Brown-Forman quickly recognized Barnes’s eagerness to learn all parts of the business and set a fast-track for her.

“They asked me if I would be interested in being a guinea pig for this production management training deal. And I should have had an idea that someone had a bigger plan, they were grooming me for something. Per usual I was just like, ‘Yes, I’ll do it!’“ Barnes exclaims. “I spent six months in production working all three shifts. I got a lot of experience and management experience very quickly running a crew of thirty union employees and me being just out of college with no management experience!”

At the end of her production management, Barnes was shown the track she was on.

“They asked me if I wanted to start training with Chris Morris. It was huge. I had no idea that it was coming. Total shock. I can’t imagine the look on my face when they offered it to me.”

Barnes embraced this new opportunity with unrestrained enthusiasm becoming Woodford Reserve’s first Master Taster and Master Distiller heir-apparent. But word of her skill – and, critically, attitude – had spread.

Out of the blue, she was offered a place with a new distillery, as-yet unnamed, but to be housed in historic Old Taylor Distillery. She was only 28 at the time.

MAKING NEW HISTORY

At the distillery eventually dubbed Castle & Key, Barnes seized her greatest opportunity – and challenge.

Inheriting a legacy from one of bourbon’s biggest names was a definite plus, but the distillery was in shambles. Barnes had to design, develop and implement her bourbon production methods almost from scratch. She also had to expand her repertoire from whiskey to gin.

Barnes added botany to her list of science pursuits. She began working with Master Gardener John Carloftis who was overseeing the landscape renovation of the distillery grounds. The two created a private garden populated with native and Kentucky climate tolerant herbs and other botanicals for her to harvest as the flavoring agents for her gin.
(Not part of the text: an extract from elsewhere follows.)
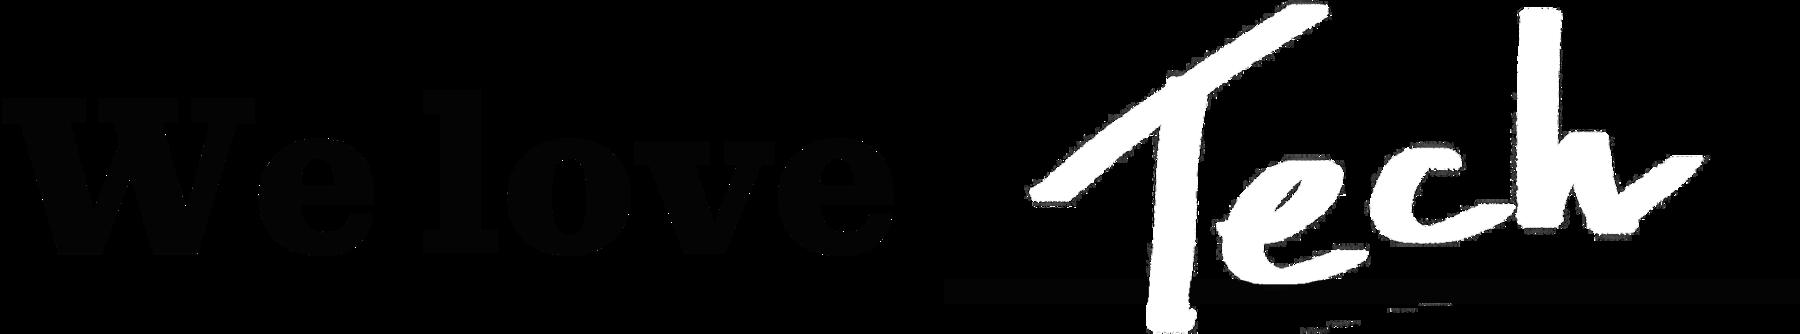 We love Tech logo

Castle & Key Garden Created by Marianne Barnes and Master Gardener John Carloftis / Photo Credit: Malicote Photography

MARIANNE BARNES: ACCIDENTAL ROLE MODEL

While the multi-year project of fully restoring the Old Taylor Distillery is still underway, many folks are following Barnes’s progress – and not just spirits enthusiasts. Parents of girls considering STEM (science, technology, engineering and math) careers are looking to her, too.

“Every speaking engagement I go do, there will be a few people who come up to me afterward who say, ‘I would love for my daughter to meet you, you’re so inspiring. So-and-so is doing math maybe I can convince her to switch to engineering.’ I love it,” Barnes says with a genuine smile.
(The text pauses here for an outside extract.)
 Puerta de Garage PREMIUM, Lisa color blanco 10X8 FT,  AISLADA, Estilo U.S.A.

As an unexpected role model, one wonders what advice Barnes has for girls looking for a career path like hers.

“It might sound kind of cheesy, but you can achieve whatever you want to achieve and whatever you’re willing to work for,” Barnes says. “I think one of the things that got me where I am in an accelerated path was not letting opportunities pass me by. Lining myself up for them. I just kept raising my hand saying ‘Yes!’ And there’s something that they say about the difference between men and women, when an opportunity comes up men will take it if they think they have at least 20% of the skills to do the job and women, they won’t accept it unless they feel confident they know 80% of the responsibilities. So, being comfortable and being thankful, really, for what you have yet to learn and knowing that you are competent to grow into those new challenges.”

Castle & Key began producing spirits late 2016. Gin is expected to be released in 2017 with rye whiskey and bourbon to follow in the next few years. The distillery is expected to be open for visitors in fall 2017.